The John XXIII Salesian Institute (Instituto Preuniversitario Salesiano Juan XXIII) is a coeducational private Catholic college-preparatory school located in Montevideo, Uruguay.

== History ==
It was founded in 1964 by the Salesian order and members of the Marist Brothers and the Sons of the Holy Family, with the aim of providing a Catholic and private education in the last years of high school.

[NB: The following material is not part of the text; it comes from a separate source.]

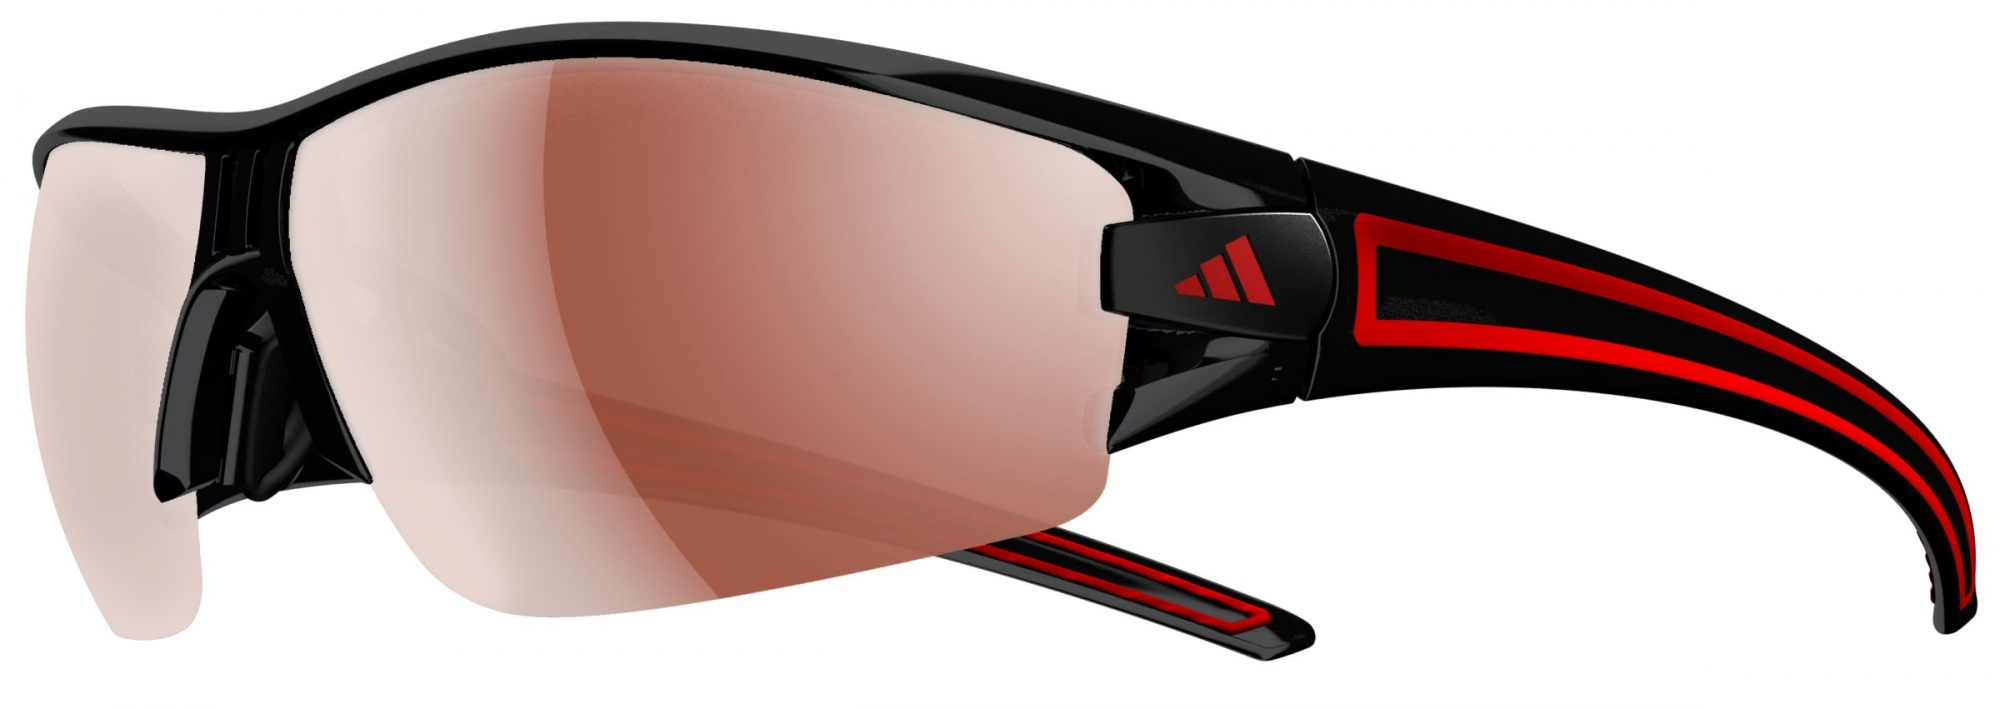 Image of   Adidas Eyewear Evil Eye Halfrim Solbriller - Shiny Sort / Rød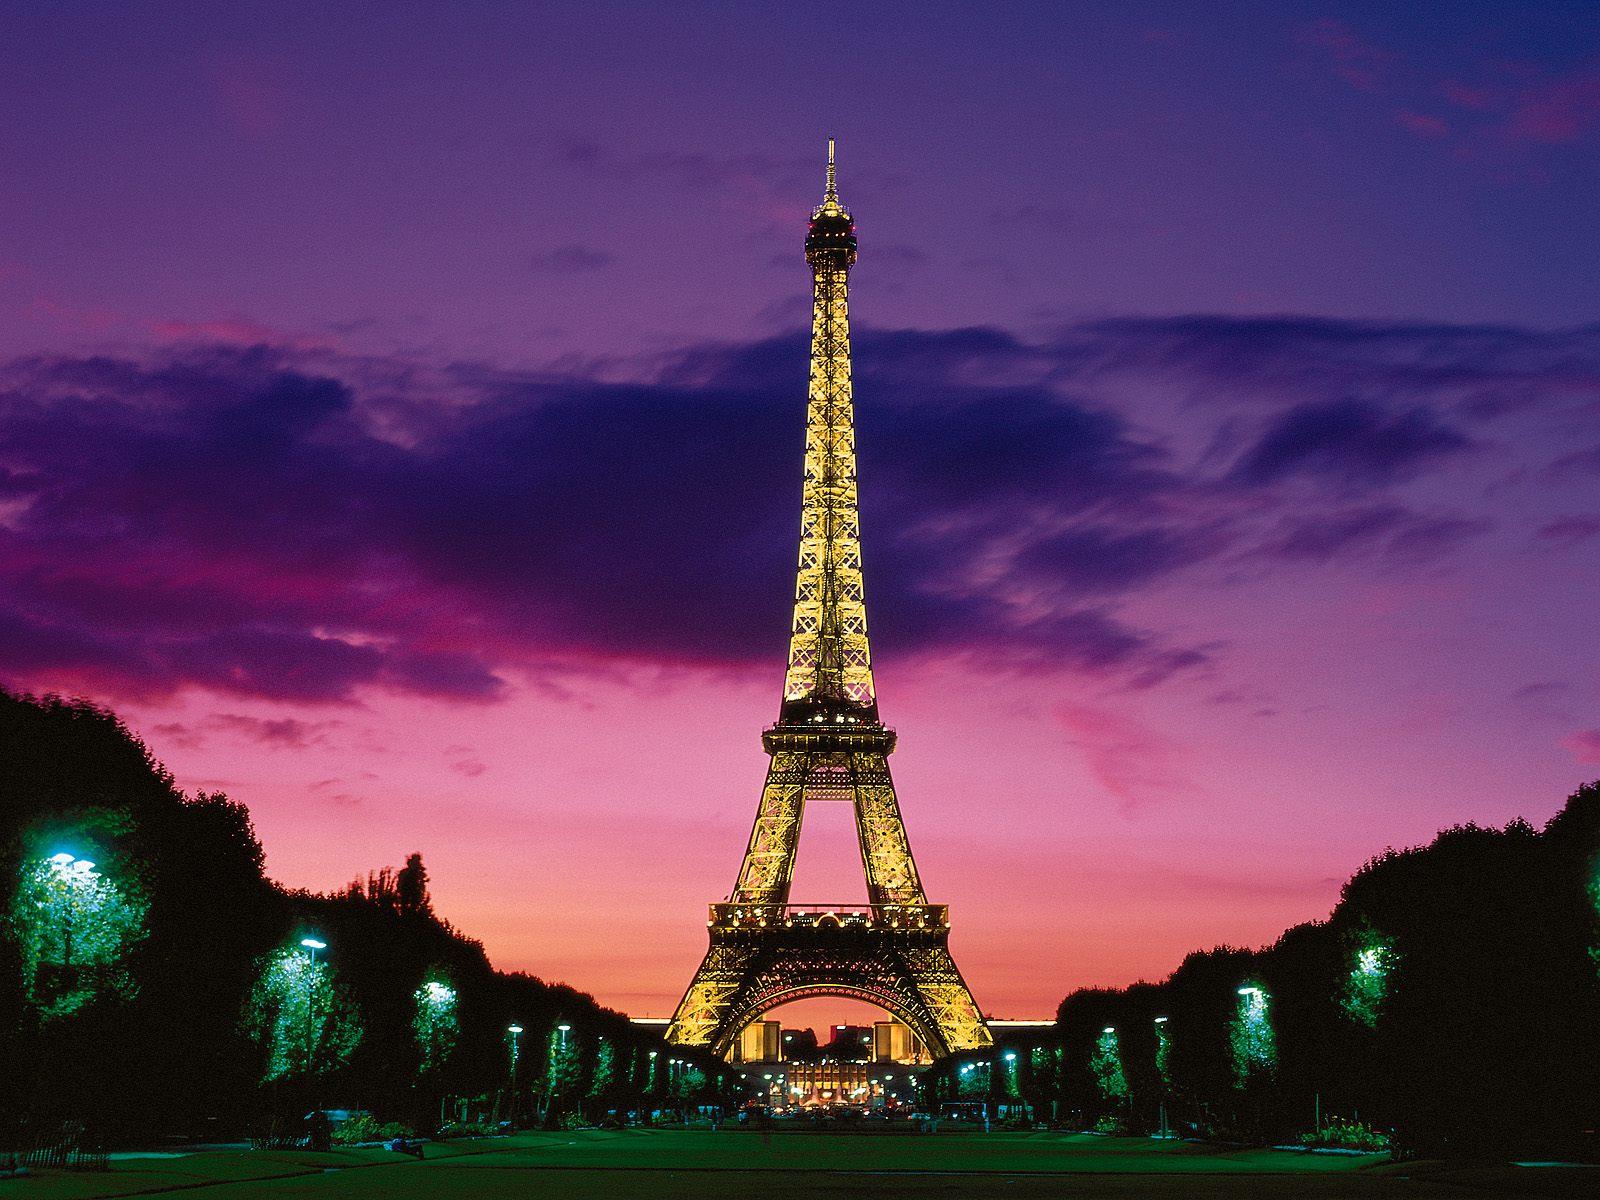 Eiffel tower hd wallpapers beautiful eiffel tower night for Paris orange card

In the first place, it was intended to name the institution in homage to some outstanding Catholic figure in the History of Uruguay, as the options of Francisco Bauzá or Juan Zorrilla de San Martín were already used by other educational centers, it was decided to name it in honor of Pope John XXIII. Since its founding, the Institute was exclusively for boys; however, in 1973, it began it began admitting girls, becoming a coeducational institution. Years later, the first year of bachillerato (tenth grade) was also added to the curriculum.

== Campus ==
The John XXIII Institute campus is currently located in multiple buildings in the central Cordón neighborhood of Montevideo. The main building dates back to the 19th century, and originally housed the all-men school Colegio del Sagrado Corazón de Jesús (School of the Sacred Heart of Jesus).

== Notable people ==

=== Alumni ===

- Pedro Bordaberry, former Senator of the Republic and presidential candidate.
- Álvaro Delgado, politician.
- Pablo Mieres, politician.
- Victoria Rodríguez, television presenter and actress.
- Daniel Sturla, archbishop of Montevideo.

=== Principals ===
- Daniel Sturla, archbishop of Montevideo.